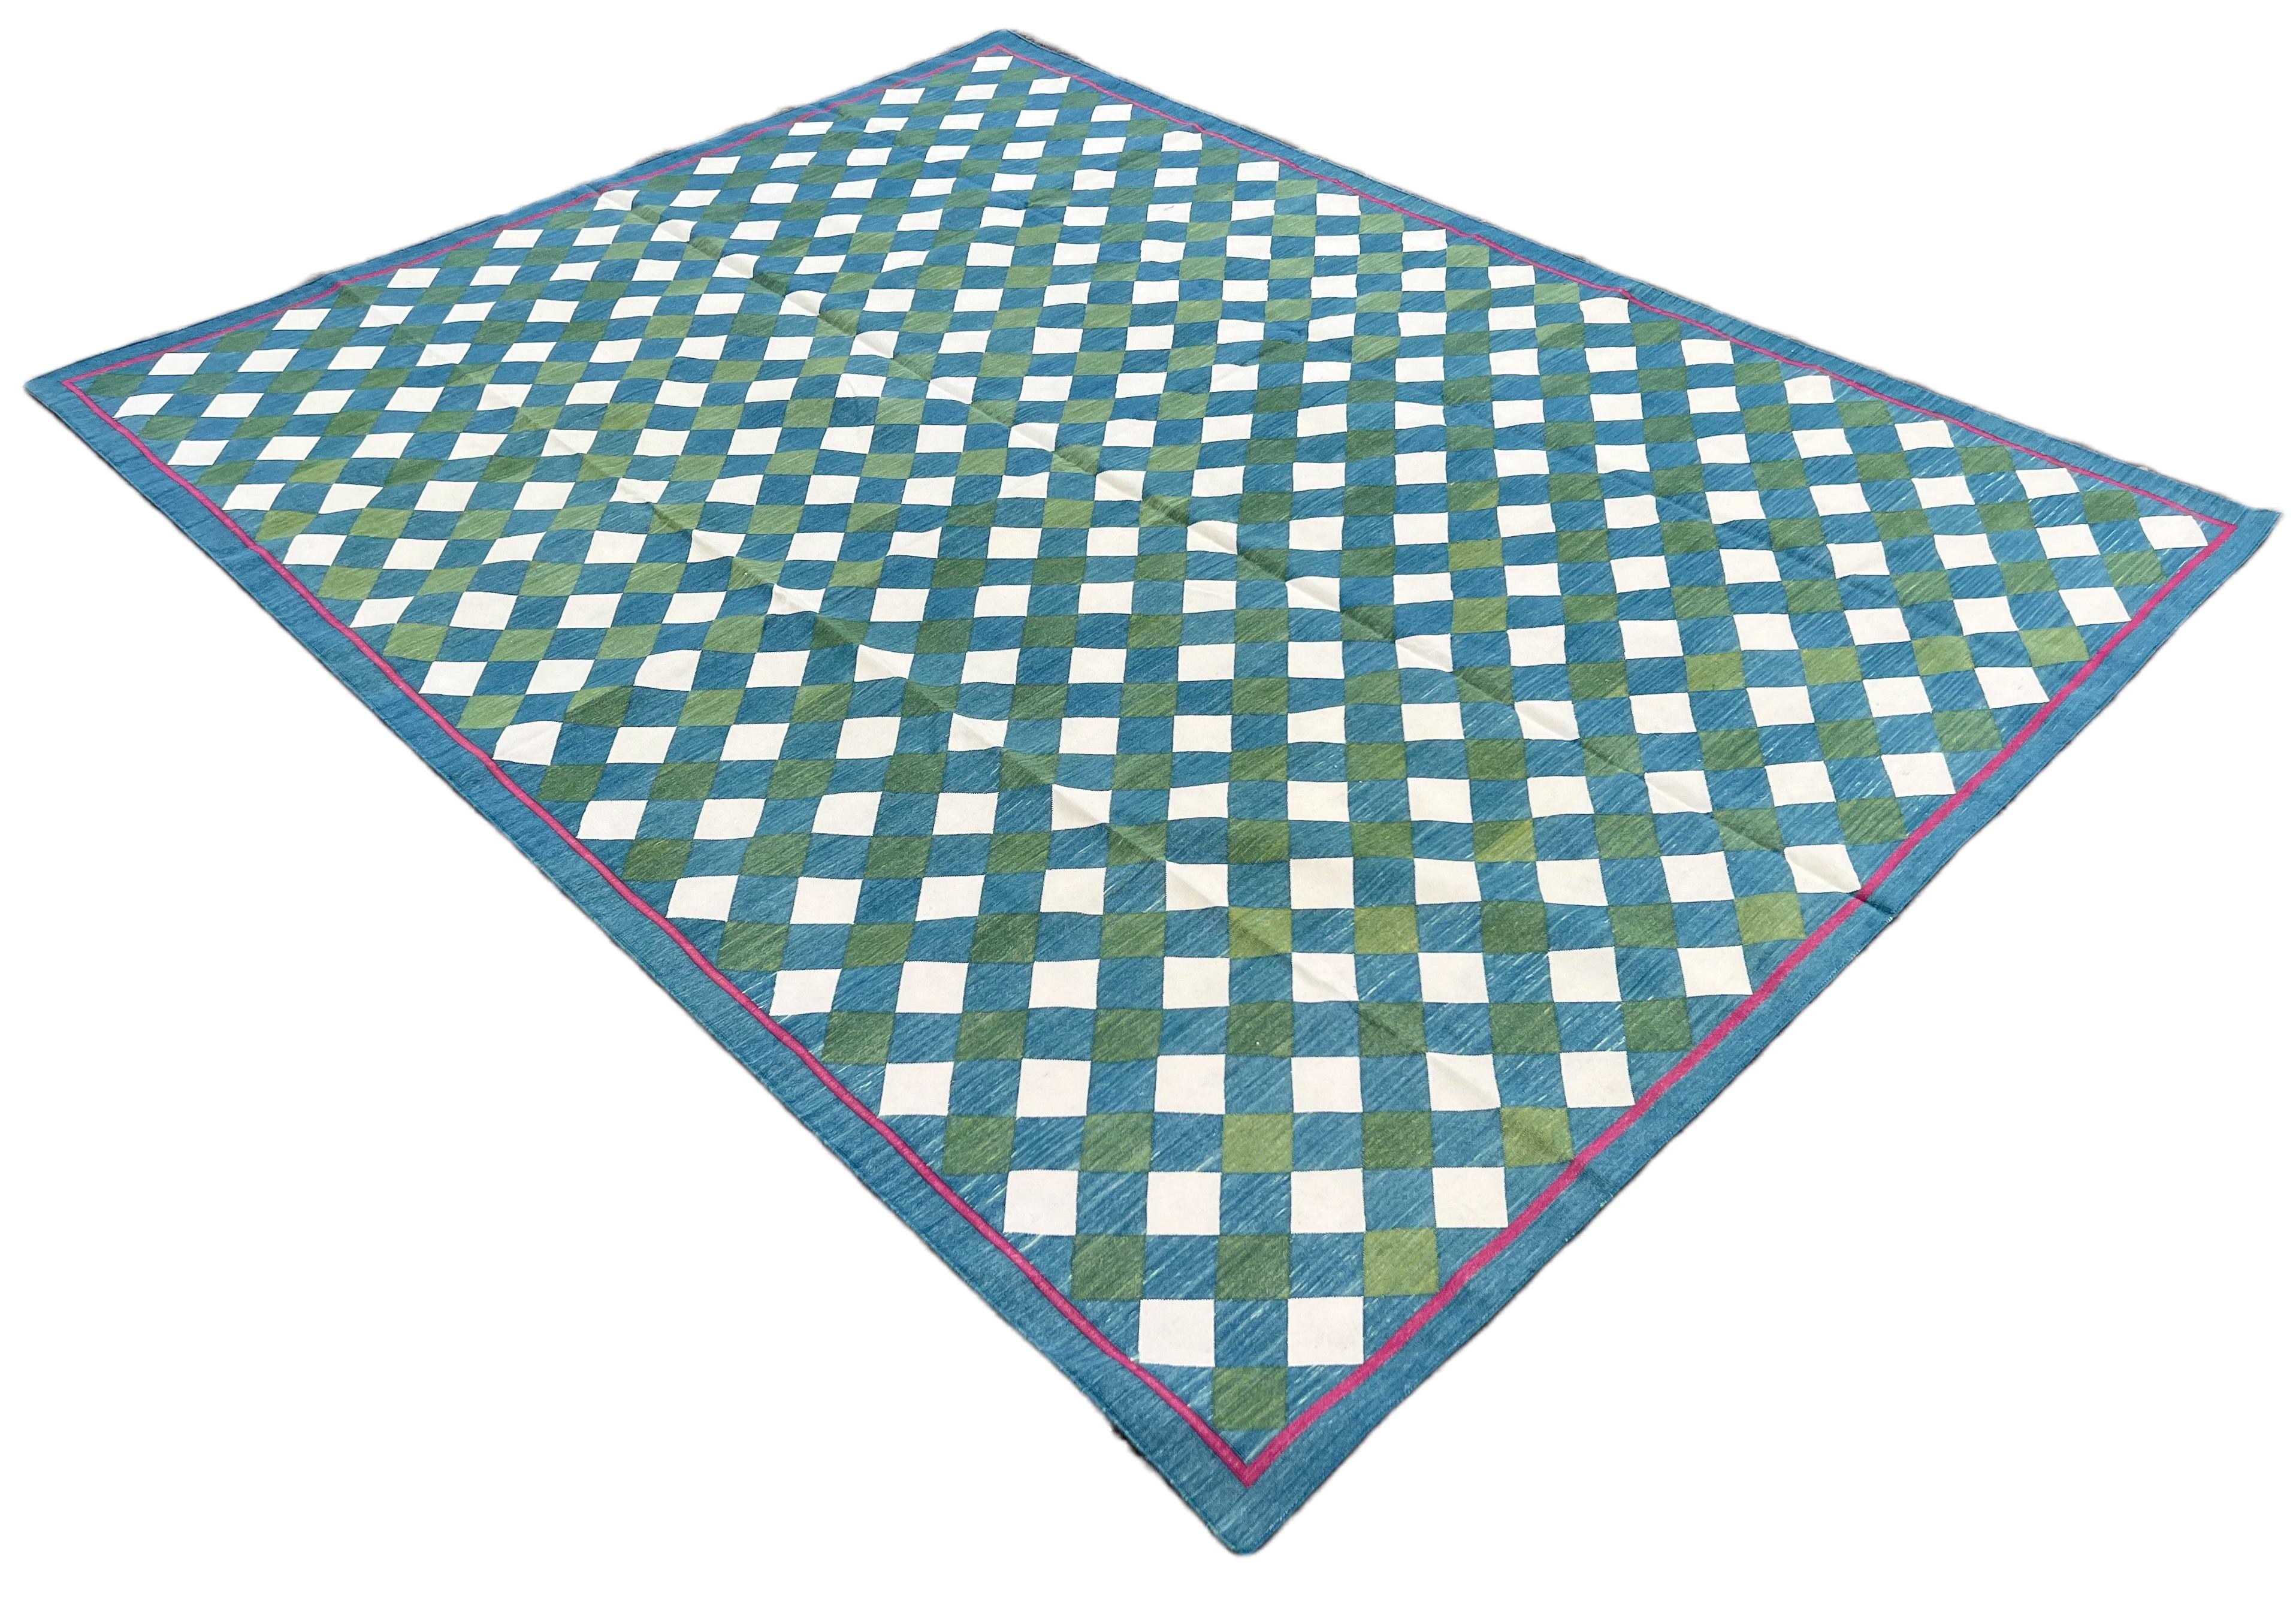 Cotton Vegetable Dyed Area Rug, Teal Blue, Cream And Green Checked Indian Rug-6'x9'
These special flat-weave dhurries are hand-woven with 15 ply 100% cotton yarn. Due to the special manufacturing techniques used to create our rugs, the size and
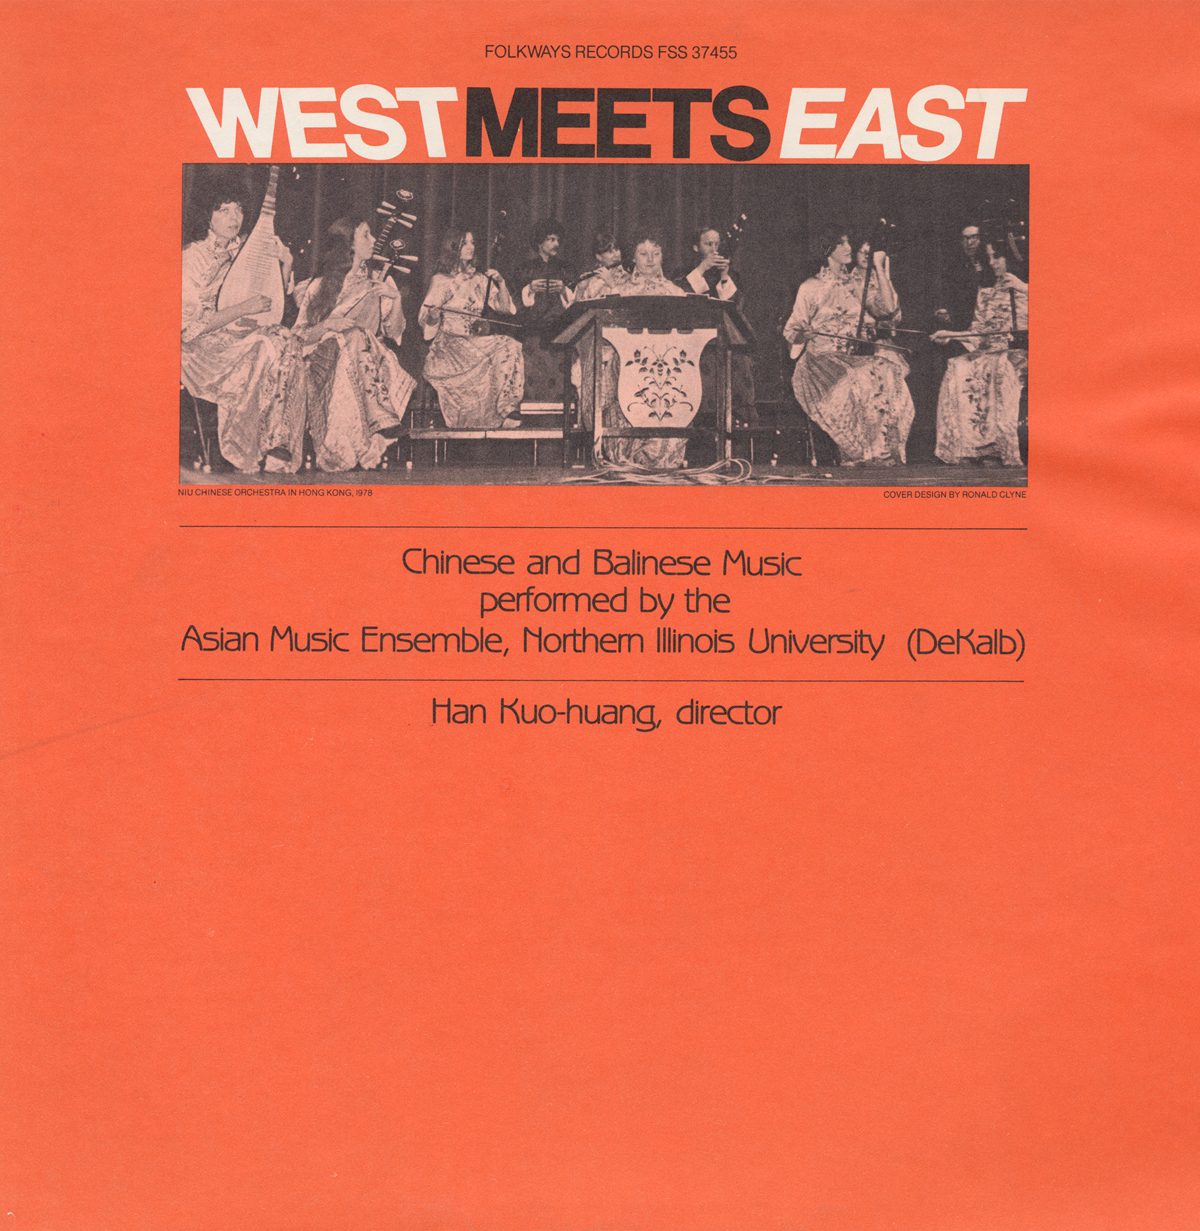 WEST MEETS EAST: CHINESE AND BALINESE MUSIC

● ASSIGNMENT: Faithful copy, images left out: write out every line of data.

● PROBLEM SOLUTION:
 Cotton Vegetable Dyed Area Rug, Teal Blue, Cream And Green Checked Indian Rug-6'x9'
These special flat-weave dhurries are hand-woven with 15 ply 100% cotton yarn. Due to the special manufacturing techniques used to create our rugs, the size and
 WEST MEETS EAST: CHINESE AND BALINESE MUSIC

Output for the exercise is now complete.